Amazon a confirmé que les données des employés avaient été compromises après un « événement de Sécurité » chez un fournisseur tiers.
Dans une déclaration donnée à fr.techtribune.netlundi, le porte-parole d’Amazon, Adam Montgomery, a confirmé que des informations sur les employés avaient été impliquées dans une violation de données.
« Les systèmes Amazon et AWS restent sécurisés et nous n’avons pas connu d’événement de sécurité. Nous avons été informés d’un événement de sécurité chez l’un de nos fournisseurs de gestion immobilière qui a eu un impact sur plusieurs de ses clients, dont Amazon. Les seules informations Amazon concernées étaient les coordonnées professionnelles des employés, par exemple les adresses e-mail professionnelles, les numéros de téléphone de bureau et les emplacements des bâtiments », a déclaré Montgomery.
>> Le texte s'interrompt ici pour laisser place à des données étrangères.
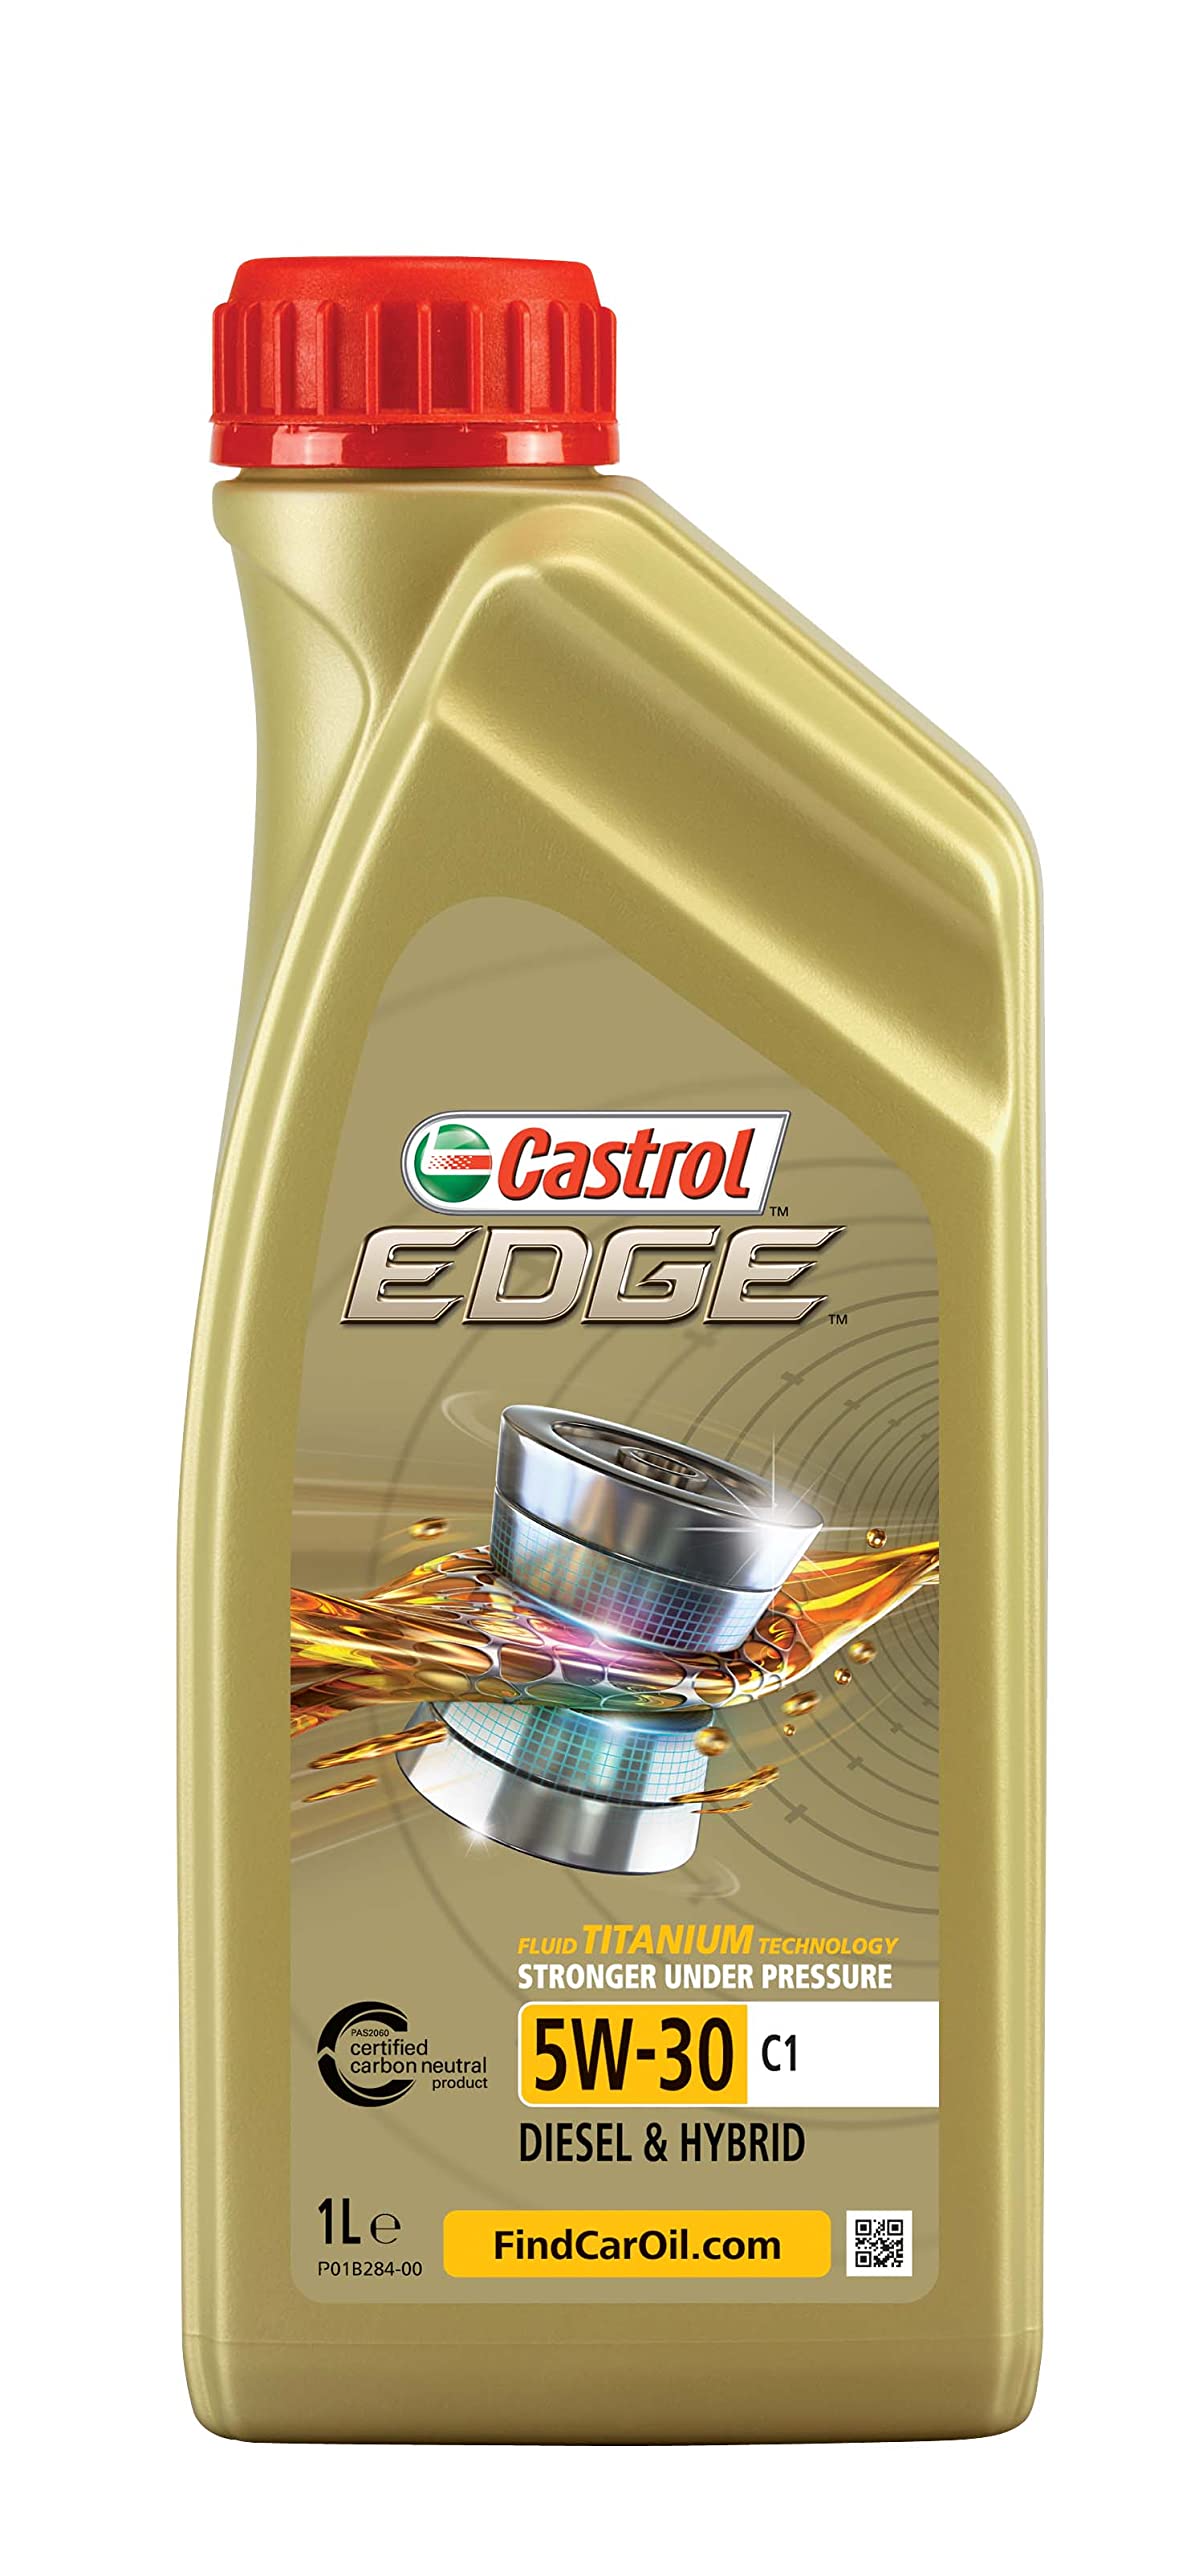 Castrol EDGE 5W-30 C1, 1 Liter von Castrol

Amazon a refusé de dire combien d’employés ont été touchés par la violation. Il a noté que le fournisseur tiers anonyme n’a pas accès aux données sensibles telles que les numéros de sécurité sociale ou les informations financières, et a déclaré que le fournisseur avait corrigé la vulnérabilité de sécurité responsable de la violation de données.
La confirmation intervient après qu’un acteur de la menace a affirmé avoir publié des données volées à Amazon sur le site de piratage notoire BreachForums. L’individu affirme avoir plus de 2,8 millions de lignes de données, qui, selon eux, ont été volées lors de l’exploitation massive de MOVEit Transfer l’année dernière.
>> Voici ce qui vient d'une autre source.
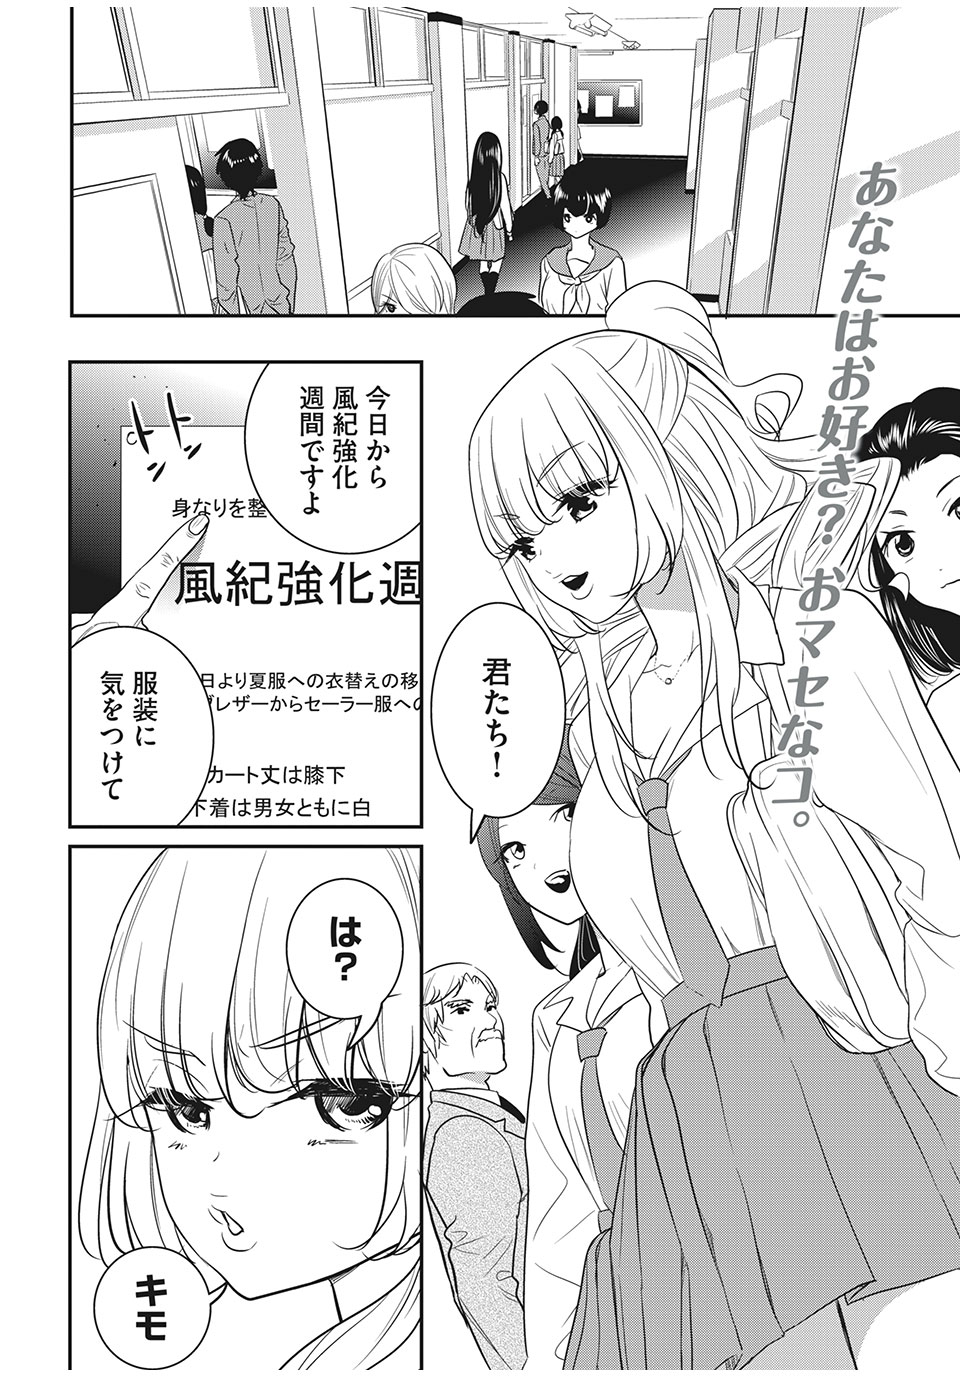 Eigo ×× Sensei - Chapter 8 - Page 2

L’acteur de la menace, opérant sous le pseudonyme « Nam3L3ss », affirme avoir publié des données qui auraient été volées à 25 grandes organisations, la société de cybersécurité Hudson Rock Rapports.
« Ce que vous avez vu jusqu’à présent représente moins de 0,001% des données dont je dispose », affirme l’acteur de la menace. « J’ai 1 000 sorties qui arrivent et qui n’ont jamais été vues auparavant. »
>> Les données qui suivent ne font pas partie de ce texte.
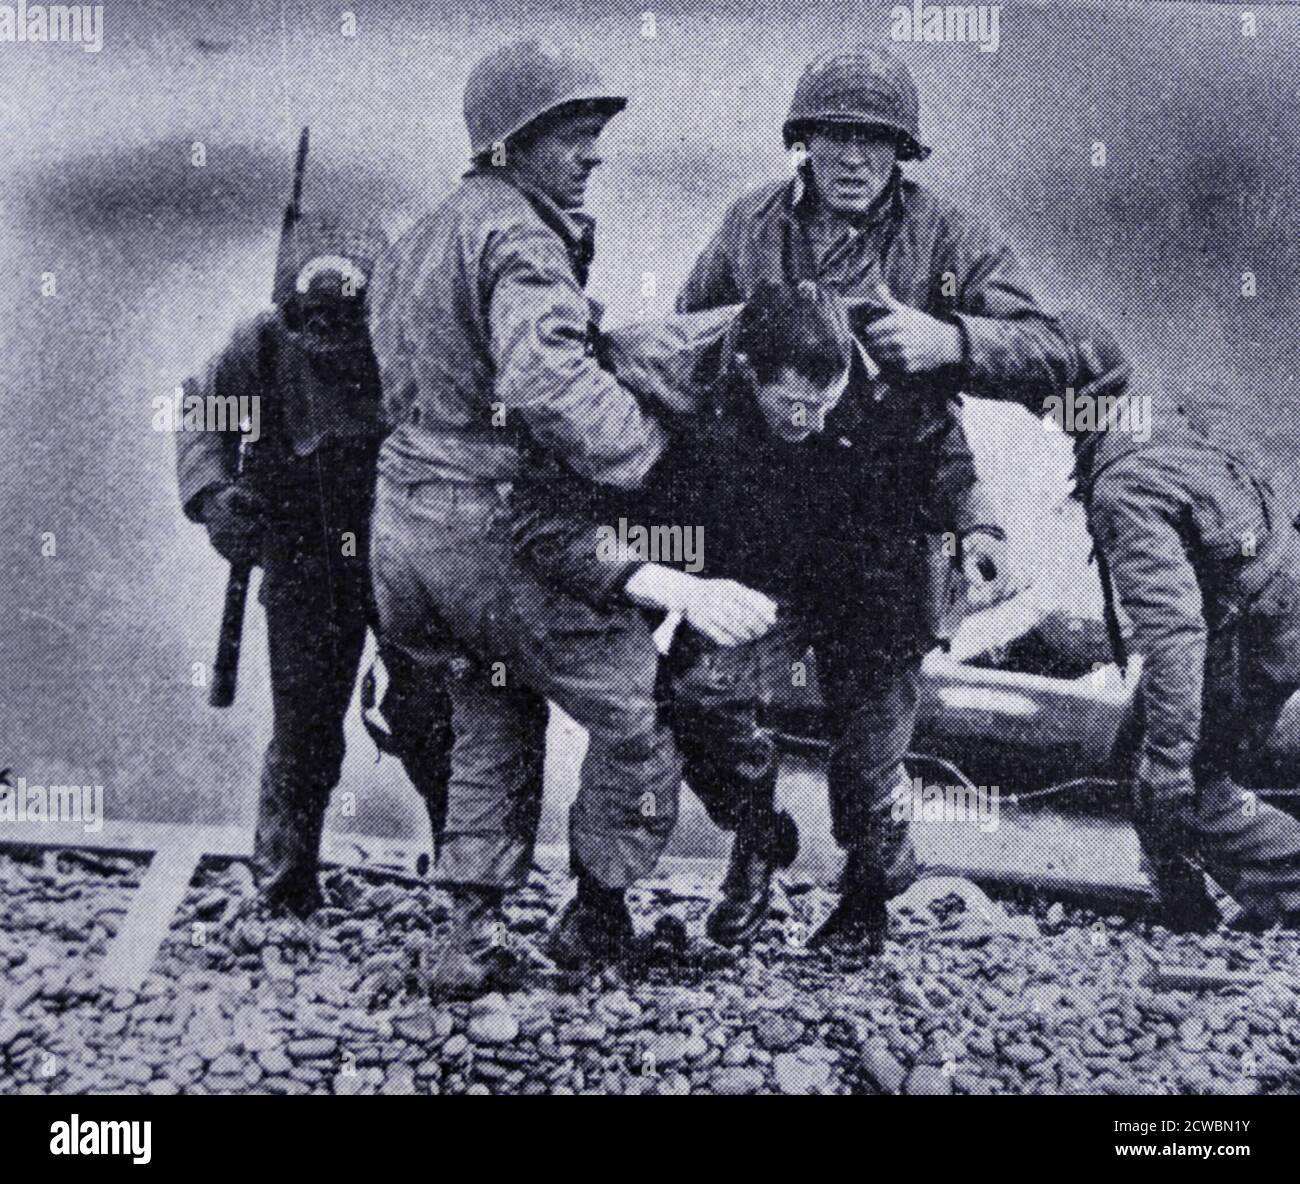 Photographie en noir et blanc de la Seconde Guerre mondiale (1939-1945) montrant des images de l'invasion de la mer par les alliés en Normandie le jour J, 6 juin 1944; les soldats américains aident un de leurs camarades qui a été blessé à l'avance sur la plage. Banque D'Images

fr.techtribune.neta contacté les autres organisations répertoriées par l’acteur de la menace, mais n’a pas encore reçu d’autres réponses.
La violation de MOVEit, qui a vu des attaquants exploiter une vulnérabilité zero-day dans le logiciel de transfert de fichiers de Progress Software, a été le plus grand piratage de 2023.
Ces piratages, qui ont été revendiqués par le célèbre gang de ransomware et d’extorsion Clop, ont touché plus de 1 000 organisations, dont le ministère des Transports de l’Oregon (3,5 millions de dossiers volés), le ministère de la Politique et du Financement des soins de santé du Colorado (quatre millions) et le géant américain des services gouvernementaux Maximus (11 millions).